To find out, first author Robert Hunt and colleagues isolated precursors to GABA-producing inhibitory interneurons from the medial ganglionic eminence (MGE) of embryonic mice and injected them bilaterally into hippocampi of healthy, two-month-old adults. Cells, engineered to produce green fluorescent protein for ease of tracking, migrated up to 1,500 micrometers from the injection site. Most resembled mature interneurons both morphologically and electrophysiologically, and they expressed transcription factors and genetic markers unique to GABA-producing cells. The differentiated cells also formed synapses with excitatory cells and differentiated into a diversity of GABAergic cell types.

Satisfied that these neurons successfully entered and functioned in the adult mouse brain, the researchers next wanted to know if they prevented seizures. They turned to pilocarpine, a chemical convulsant that induces epilepsy when injected systemically. Treated mice typically seize up, behave abnormally, and have no response to anti-epileptic drugs, mimicking temporal lobe epilepsy in adults (see Gröticke et al., 2007). Hunt and colleagues found that if they also injected MGE cells bilaterally into the hippocampi, the mice seized 92 percent less frequently and were calmer when handled than untreated controls. The MGE-treated animals also performed comparably to non-epileptic controls in an open field test of locomotion. They also found the hidden platform as quickly as normal mice in the Morris water maze test of spatial navigation. Stem cells did not change performance on the rotarod test of motor coordination, the elevated plus maze test of general anxiety, or the forced swim test, a measure of depression.

Though these findings are specific for epilepsy, they could have implications for many diseases linked to hyperexcitability or interneuron dysfunction, such as autism, schizophrenia, and even AD, said Jorge Palop, also at Gladstone. Michela Gallagher, Johns Hopkins University, Baltimore, Maryland, reported last year that an anti-epilepsy drug dials back hippocampal hyperactivity in people with mild cognitive impairment and improves their cognition (see ARF related news story). Huang found that interneurons are damaged in mice with the ApoE4 allele, the biggest genetic risk factor for AD (see Andrews-Zwilling et al., 2010).

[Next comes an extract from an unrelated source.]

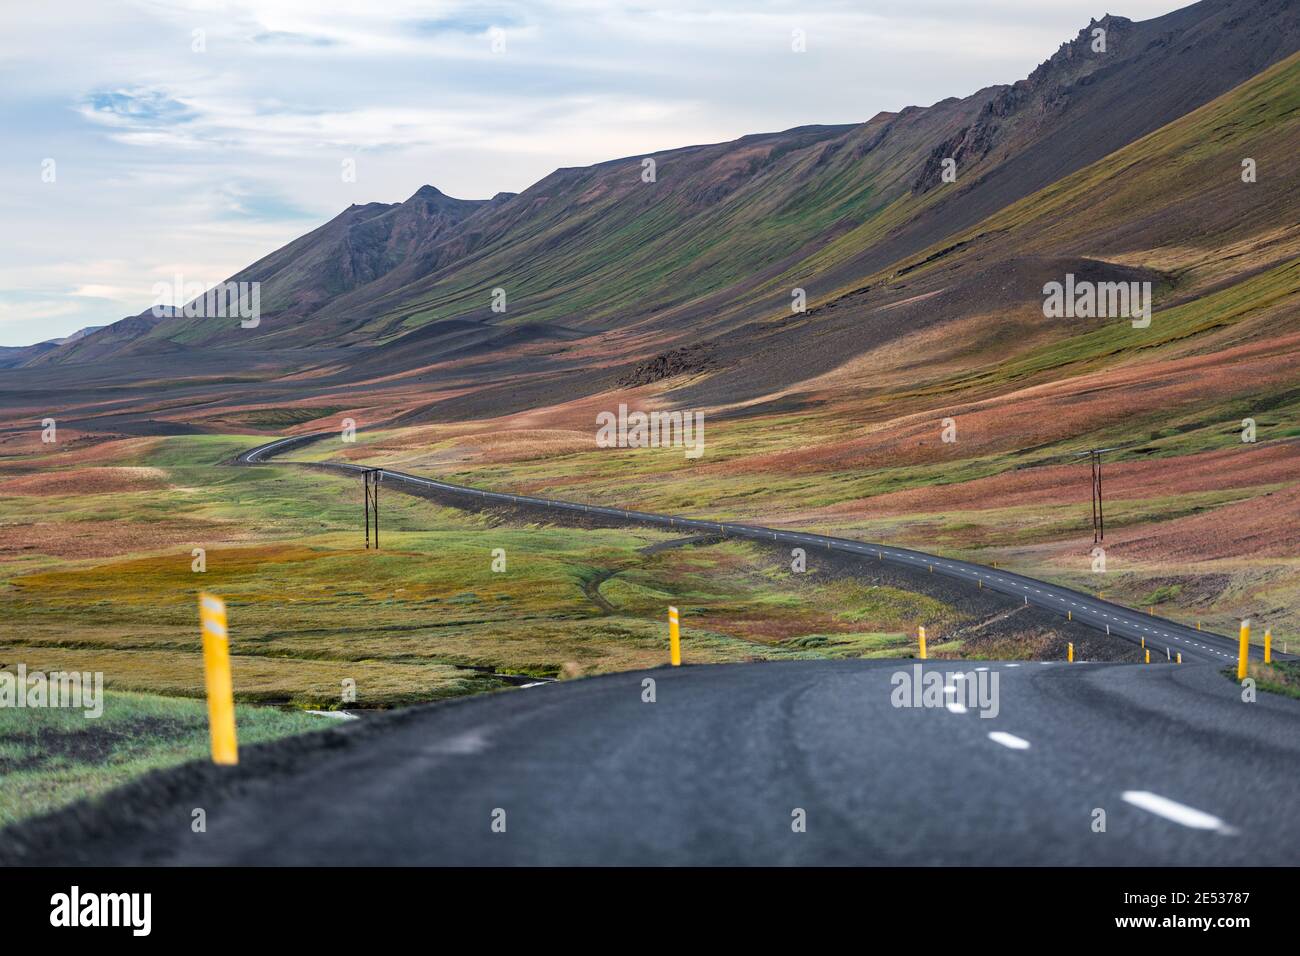 Paesaggio islandese con una strada che serpeggiante attraverso una colorata pendenza collina crestata e una pianura Foto Stock
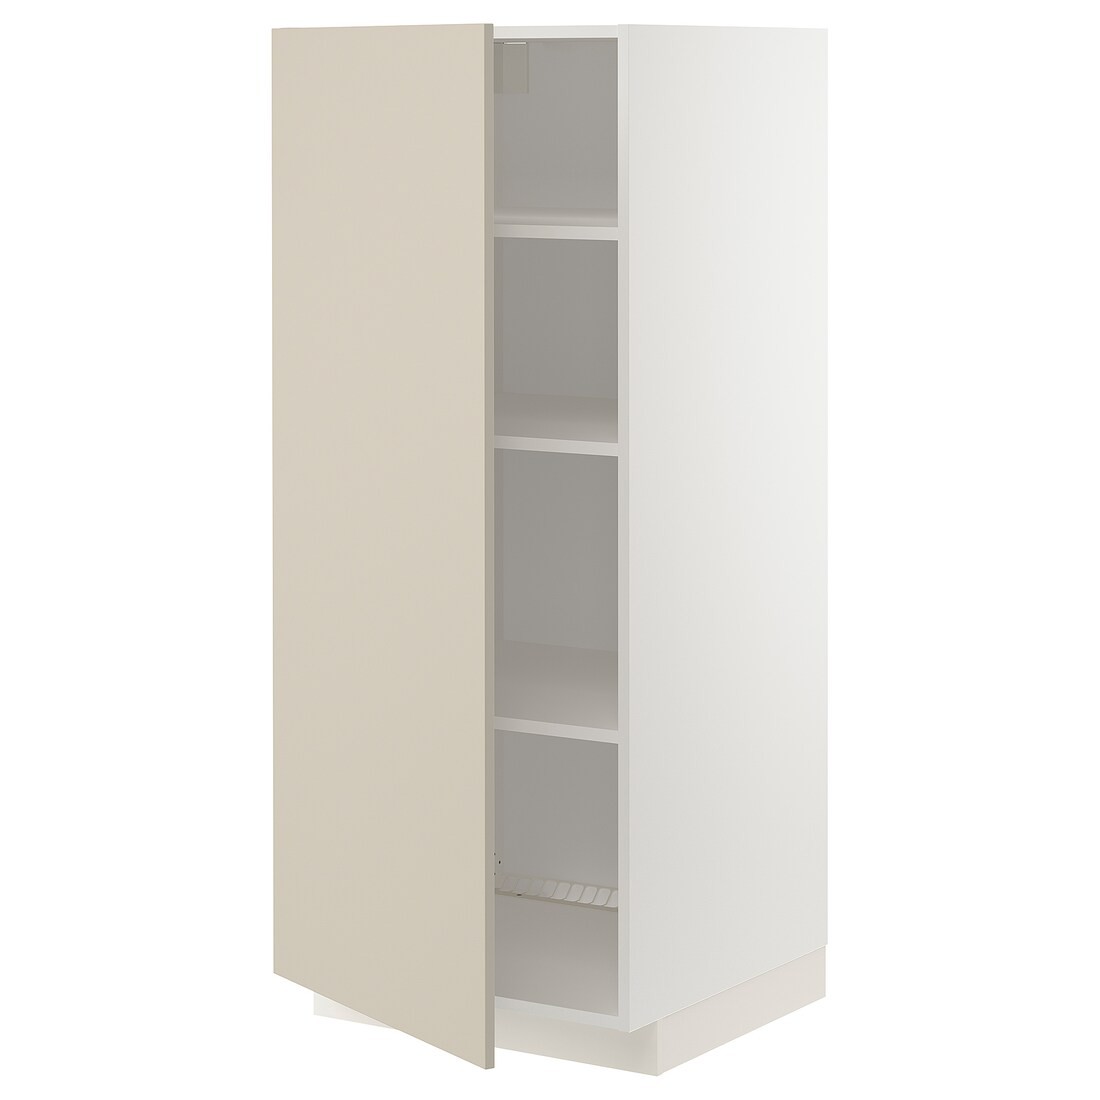 IKEA METOD МЕТОД Высокий шкаф с полками, белый / Havstorp бежевый, 60x60x140 см 29467658 | 294.676.58

Gallagher pointed out that the biggest subpopulation of interneurons that survived the graft procedure expressed somatostatin. These neurons are hit particularly hard by aging and in people carrying the ApoE4 allele, which could mean this replacement therapy would be useful for AD-related disorders, she said. “It will be important to see if these findings are constrained by the model they used,” she told Alzforum. Baraban said he plans to test these transplants in mice that model other forms of epilepsy and to figure out how the interneurons integrate into the functional circuit. Huang plans to test if transplanted MGE cells benefit AD mouse models. He also suggested testing if the transplants work in older mice and whether all or just a few subtypes of interneurons are needed to improve seizures.

“The work is very interesting and provocative. The hope for a new treatment for refractory epilepsy is exciting,” said William Mobley, University of California, San Diego. However, he noted that it is essential to remember that epilepsy is a circuit disorder. "It is possible, and even likely, that only by understanding the changes in circuit structure and function can we know whether a cell-based treatment is appropriate, how to deliver it, and how to monitor the effects on circuit and clinical function," he said. He cautioned that before this type of therapy is suitable for people, researchers will have to figure out how to define interneuron status in the hippocampus of the patient to discern what benefits might accrue. They will also need to make human-derived interneurons that are safe to inject, he added. Two papers in the May 2 Cell Stem Cell report progress on the latter front, turning human pluripotent stem cells and embryonic stem cells into MGE-like cells that functionally integrate as interneurons in rodent brains (see Nicholas et al., 2013, and Maroof et al., 2013). A recent study used these human MGE-like cells to boost cholinergic cells in mouse hippocampi and reverse memory deficits (see ARF related news story).—Gwyneth Dickey Zakaib

Comments

  1. Loss of synaptic inhibition is a well-established cause of seizures, and this new study supports previous work from this laboratory showing that transplanted interneuronal precursors can become active participants in a hyperexcitable circuit and silence seizures in a genetic mouse model of epilepsy. Here, the model employed was a healthy mouse injected with a chemical convulsant, pilocarpine, that induces a hippocampal seizure focus sharing similarities with human temporal lobe epilepsy, but different in that brain development was otherwise normal and the circuit properties, while prone to generating seizures, are vastly different. In this model, grafted precursors not only reduced seizures, but also even improved performance deficits on behavioral tests relevant to hippocampal function. The authors conclude the approach holds promise not only for intractable epilepsies, but also perhaps other disorders that include altered hippocampal function such as Alzheimer’s disease and autism.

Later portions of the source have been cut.